● Exercise data:
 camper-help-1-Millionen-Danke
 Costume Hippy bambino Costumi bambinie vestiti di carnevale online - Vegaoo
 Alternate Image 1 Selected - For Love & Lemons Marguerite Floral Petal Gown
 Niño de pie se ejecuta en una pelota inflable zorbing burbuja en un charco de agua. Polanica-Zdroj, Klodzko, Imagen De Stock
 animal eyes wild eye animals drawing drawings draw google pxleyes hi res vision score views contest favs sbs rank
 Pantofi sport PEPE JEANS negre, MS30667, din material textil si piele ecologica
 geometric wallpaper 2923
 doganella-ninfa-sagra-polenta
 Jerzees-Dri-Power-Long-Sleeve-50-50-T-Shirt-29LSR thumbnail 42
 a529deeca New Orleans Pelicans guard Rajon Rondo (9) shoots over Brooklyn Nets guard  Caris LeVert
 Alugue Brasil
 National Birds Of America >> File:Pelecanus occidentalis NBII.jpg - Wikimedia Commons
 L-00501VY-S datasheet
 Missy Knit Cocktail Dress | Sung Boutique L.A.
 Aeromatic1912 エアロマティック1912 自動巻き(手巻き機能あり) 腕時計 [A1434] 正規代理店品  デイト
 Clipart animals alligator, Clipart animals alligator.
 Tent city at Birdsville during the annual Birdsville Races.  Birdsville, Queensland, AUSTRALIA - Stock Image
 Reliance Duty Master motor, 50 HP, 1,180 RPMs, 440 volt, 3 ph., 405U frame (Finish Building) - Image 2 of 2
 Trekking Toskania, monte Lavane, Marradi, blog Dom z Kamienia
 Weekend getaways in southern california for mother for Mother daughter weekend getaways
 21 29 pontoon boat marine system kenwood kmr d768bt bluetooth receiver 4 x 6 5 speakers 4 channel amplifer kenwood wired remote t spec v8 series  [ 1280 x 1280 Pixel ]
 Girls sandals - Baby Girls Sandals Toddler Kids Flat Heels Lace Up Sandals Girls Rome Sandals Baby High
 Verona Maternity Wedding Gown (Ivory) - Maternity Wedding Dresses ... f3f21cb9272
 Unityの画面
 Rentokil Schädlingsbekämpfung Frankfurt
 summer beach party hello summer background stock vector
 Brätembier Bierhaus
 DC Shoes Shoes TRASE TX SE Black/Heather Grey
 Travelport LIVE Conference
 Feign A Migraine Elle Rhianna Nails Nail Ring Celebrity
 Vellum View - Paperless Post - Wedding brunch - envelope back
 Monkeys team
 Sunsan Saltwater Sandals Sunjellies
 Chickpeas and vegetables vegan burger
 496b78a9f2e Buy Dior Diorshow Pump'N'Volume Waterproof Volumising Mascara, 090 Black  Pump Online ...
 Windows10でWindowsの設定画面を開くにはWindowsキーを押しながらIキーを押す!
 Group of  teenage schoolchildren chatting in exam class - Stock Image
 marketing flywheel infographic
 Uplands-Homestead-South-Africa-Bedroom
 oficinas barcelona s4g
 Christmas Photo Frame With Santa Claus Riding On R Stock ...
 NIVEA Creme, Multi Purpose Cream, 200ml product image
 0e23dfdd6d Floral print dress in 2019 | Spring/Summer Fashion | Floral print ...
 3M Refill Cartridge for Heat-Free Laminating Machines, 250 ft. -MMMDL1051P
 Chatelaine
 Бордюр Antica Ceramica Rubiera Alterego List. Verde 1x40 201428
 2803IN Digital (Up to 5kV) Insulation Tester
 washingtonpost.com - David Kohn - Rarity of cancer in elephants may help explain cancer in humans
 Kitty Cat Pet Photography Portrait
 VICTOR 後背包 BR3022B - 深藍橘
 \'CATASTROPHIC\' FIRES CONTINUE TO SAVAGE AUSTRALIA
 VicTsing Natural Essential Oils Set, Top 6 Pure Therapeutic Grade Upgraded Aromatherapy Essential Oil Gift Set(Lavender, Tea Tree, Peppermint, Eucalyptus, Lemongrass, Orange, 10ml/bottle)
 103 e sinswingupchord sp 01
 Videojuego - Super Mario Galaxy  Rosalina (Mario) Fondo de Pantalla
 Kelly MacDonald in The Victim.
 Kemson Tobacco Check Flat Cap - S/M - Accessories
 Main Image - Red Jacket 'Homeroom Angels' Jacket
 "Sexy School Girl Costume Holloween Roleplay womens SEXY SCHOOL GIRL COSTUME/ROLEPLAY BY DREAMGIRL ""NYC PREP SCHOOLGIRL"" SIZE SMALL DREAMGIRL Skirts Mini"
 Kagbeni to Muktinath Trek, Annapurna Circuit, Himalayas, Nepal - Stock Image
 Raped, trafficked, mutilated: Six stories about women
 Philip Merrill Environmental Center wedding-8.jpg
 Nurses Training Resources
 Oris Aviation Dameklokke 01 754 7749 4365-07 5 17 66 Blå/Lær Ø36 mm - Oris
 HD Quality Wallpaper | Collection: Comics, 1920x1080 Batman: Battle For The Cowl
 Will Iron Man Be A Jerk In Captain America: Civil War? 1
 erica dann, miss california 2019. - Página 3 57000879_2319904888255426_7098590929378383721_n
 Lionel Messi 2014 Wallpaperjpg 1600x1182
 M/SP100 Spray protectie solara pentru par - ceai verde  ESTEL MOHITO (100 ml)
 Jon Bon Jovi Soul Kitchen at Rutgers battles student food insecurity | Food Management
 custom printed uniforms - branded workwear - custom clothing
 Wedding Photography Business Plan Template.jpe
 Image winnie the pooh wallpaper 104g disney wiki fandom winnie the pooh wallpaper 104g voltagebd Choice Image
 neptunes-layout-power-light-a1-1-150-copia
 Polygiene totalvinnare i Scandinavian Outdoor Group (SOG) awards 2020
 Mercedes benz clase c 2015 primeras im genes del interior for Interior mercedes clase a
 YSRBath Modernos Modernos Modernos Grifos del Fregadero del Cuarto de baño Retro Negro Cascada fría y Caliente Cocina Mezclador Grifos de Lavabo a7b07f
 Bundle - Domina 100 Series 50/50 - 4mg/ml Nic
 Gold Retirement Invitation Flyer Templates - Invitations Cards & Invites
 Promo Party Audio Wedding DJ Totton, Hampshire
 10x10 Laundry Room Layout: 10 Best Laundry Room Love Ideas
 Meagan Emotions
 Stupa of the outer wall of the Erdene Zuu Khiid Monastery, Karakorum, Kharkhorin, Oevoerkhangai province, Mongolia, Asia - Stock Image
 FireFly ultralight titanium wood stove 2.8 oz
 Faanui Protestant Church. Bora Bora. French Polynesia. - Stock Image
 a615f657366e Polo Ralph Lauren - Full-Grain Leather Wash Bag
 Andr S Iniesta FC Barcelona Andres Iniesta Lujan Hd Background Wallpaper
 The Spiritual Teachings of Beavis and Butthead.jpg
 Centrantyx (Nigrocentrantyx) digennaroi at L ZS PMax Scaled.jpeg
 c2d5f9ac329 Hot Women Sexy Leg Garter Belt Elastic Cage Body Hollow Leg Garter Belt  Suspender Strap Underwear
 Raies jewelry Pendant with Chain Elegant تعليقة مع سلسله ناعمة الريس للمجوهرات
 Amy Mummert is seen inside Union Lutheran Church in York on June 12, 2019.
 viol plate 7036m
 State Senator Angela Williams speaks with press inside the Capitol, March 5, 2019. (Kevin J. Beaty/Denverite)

● Work instruction: Copy each line above that contains the word "Photography".

● Task answer:
 Kitty Cat Pet Photography Portrait
 Wedding Photography Business Plan Template.jpe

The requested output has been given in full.